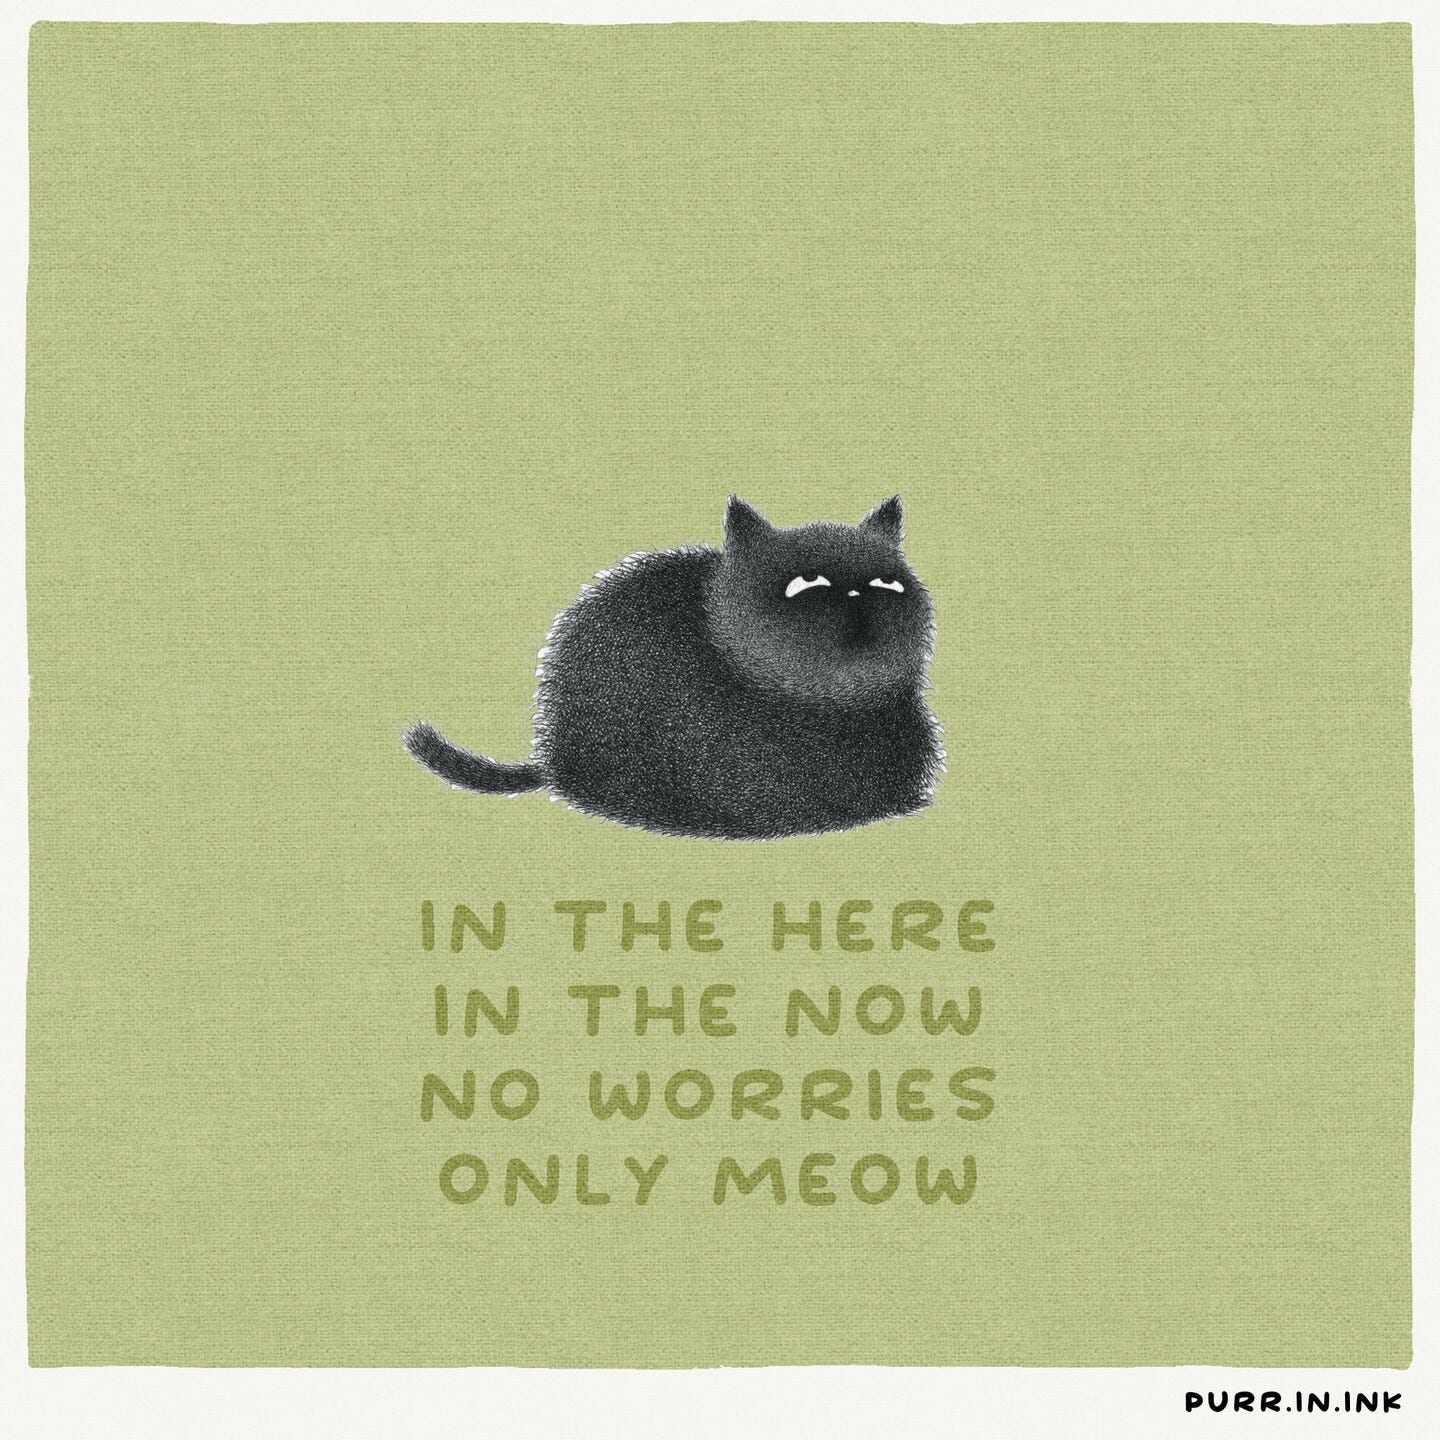 Zeichnung einer schwarzen Katze vor grünem Hintergrund.
Darunter die Worte:
"IN THE HERE
IN THE NOW
NO WORRIES
ONLY MEOW"
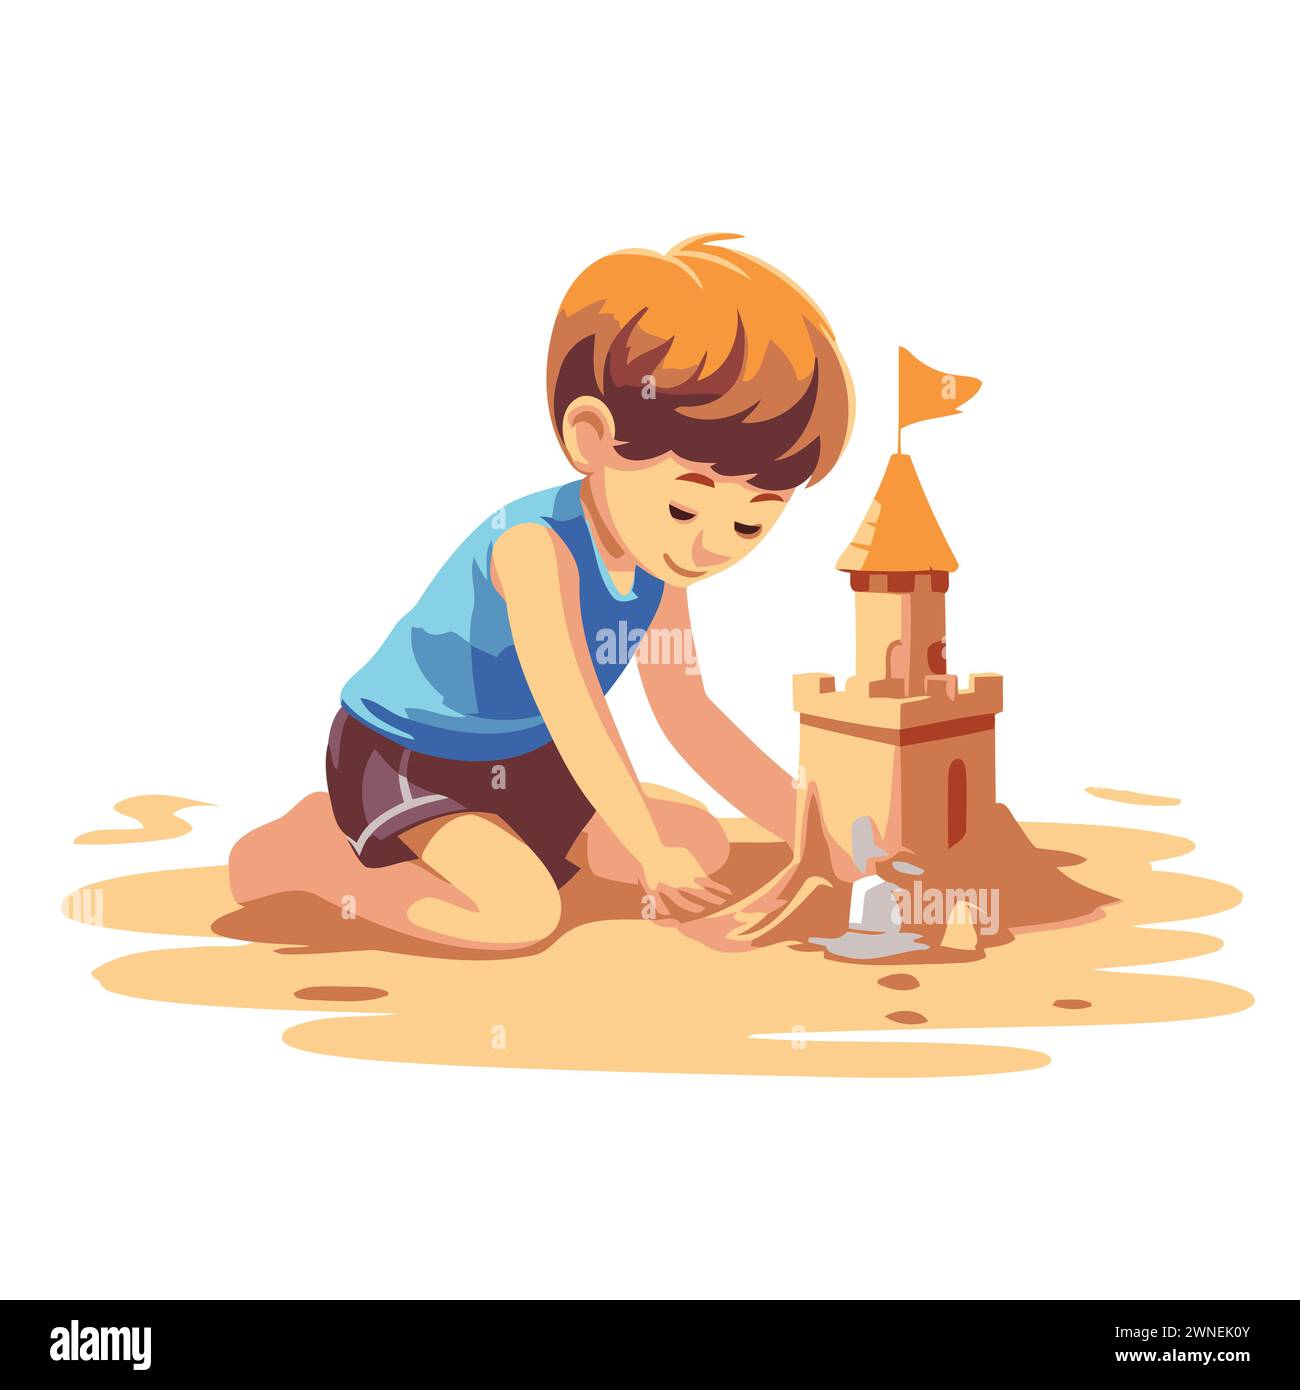 Mignon petit garçon jouant avec du sable et construisant une tour. illustration vectorielle de dessin animé isolée sur fond blanc. Illustration de Vecteur
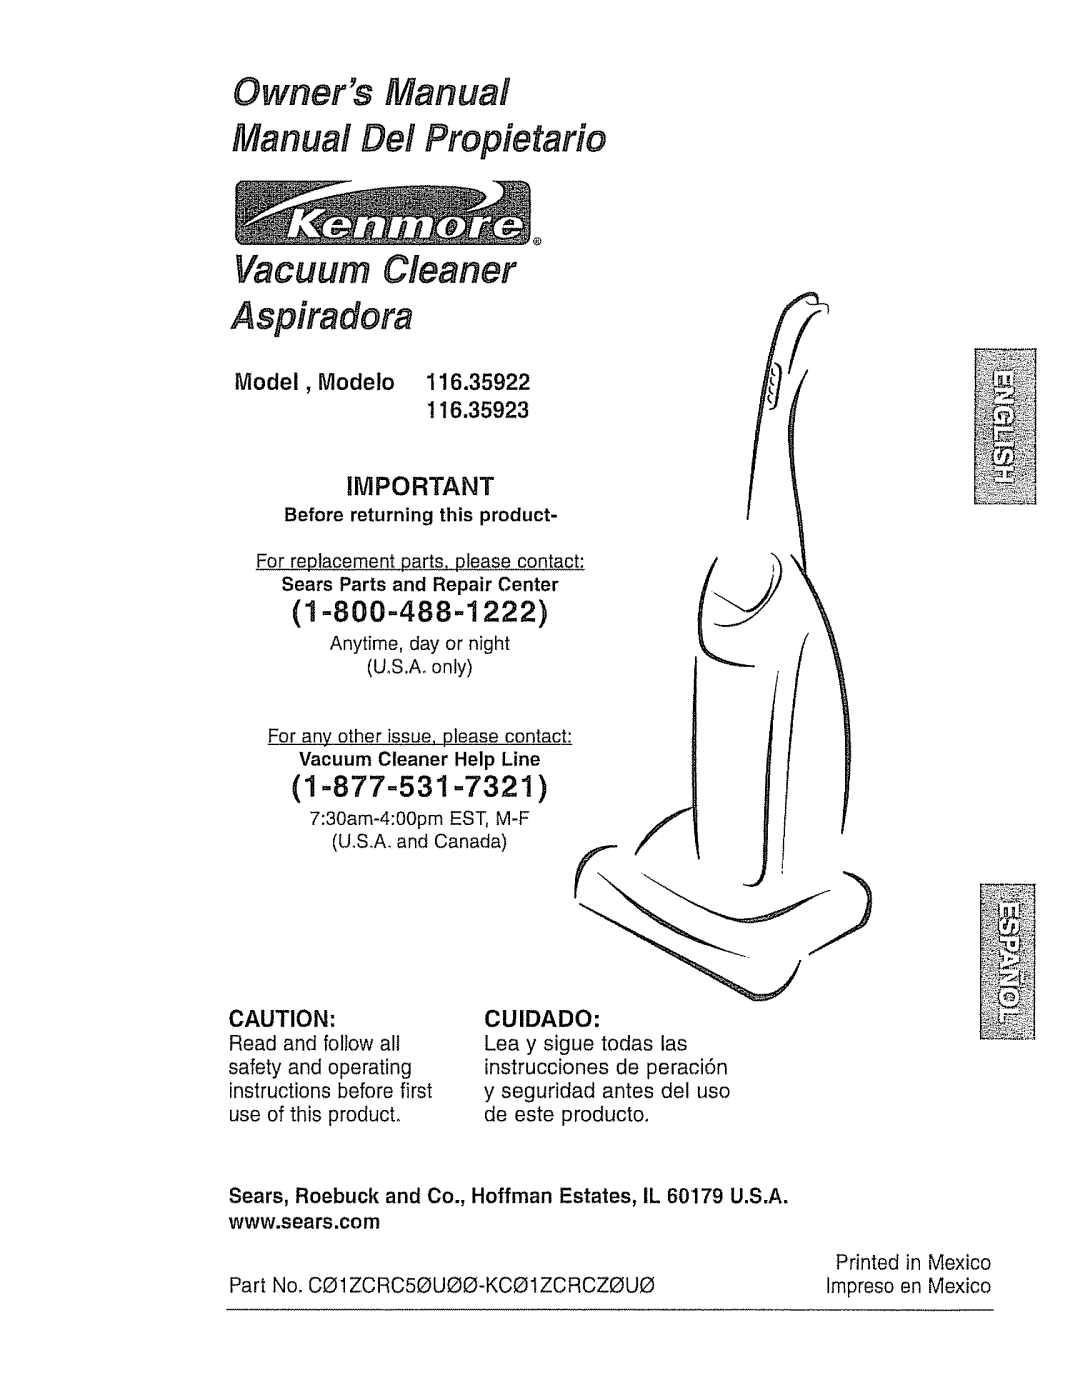 Kenmore 116.35923, 116.35922 owner manual Owners Manual Manual Del Propietarie, Vacuum Cleaner Aspiradora, 1 =800-488-1222
◆ ◆ ◆ ◆ ◆
What to do -> Where an entry contains an image, leave the image out; otherwise retype everything exactly.

Response for this exercise ->
 Zeichnung einer schwarzen Katze vor grünem Hintergrund.
Darunter die Worte:
"IN THE HERE
IN THE NOW
NO WORRIES
ONLY MEOW"
 Mignon petit garçon jouant avec du sable et construisant une tour. illustration vectorielle de dessin animé isolée sur fond blanc. Illustration de Vecteur
 Kenmore 116.35923, 116.35922 owner manual Owners Manual Manual Del Propietarie, Vacuum Cleaner Aspiradora, 1 =800-488-1222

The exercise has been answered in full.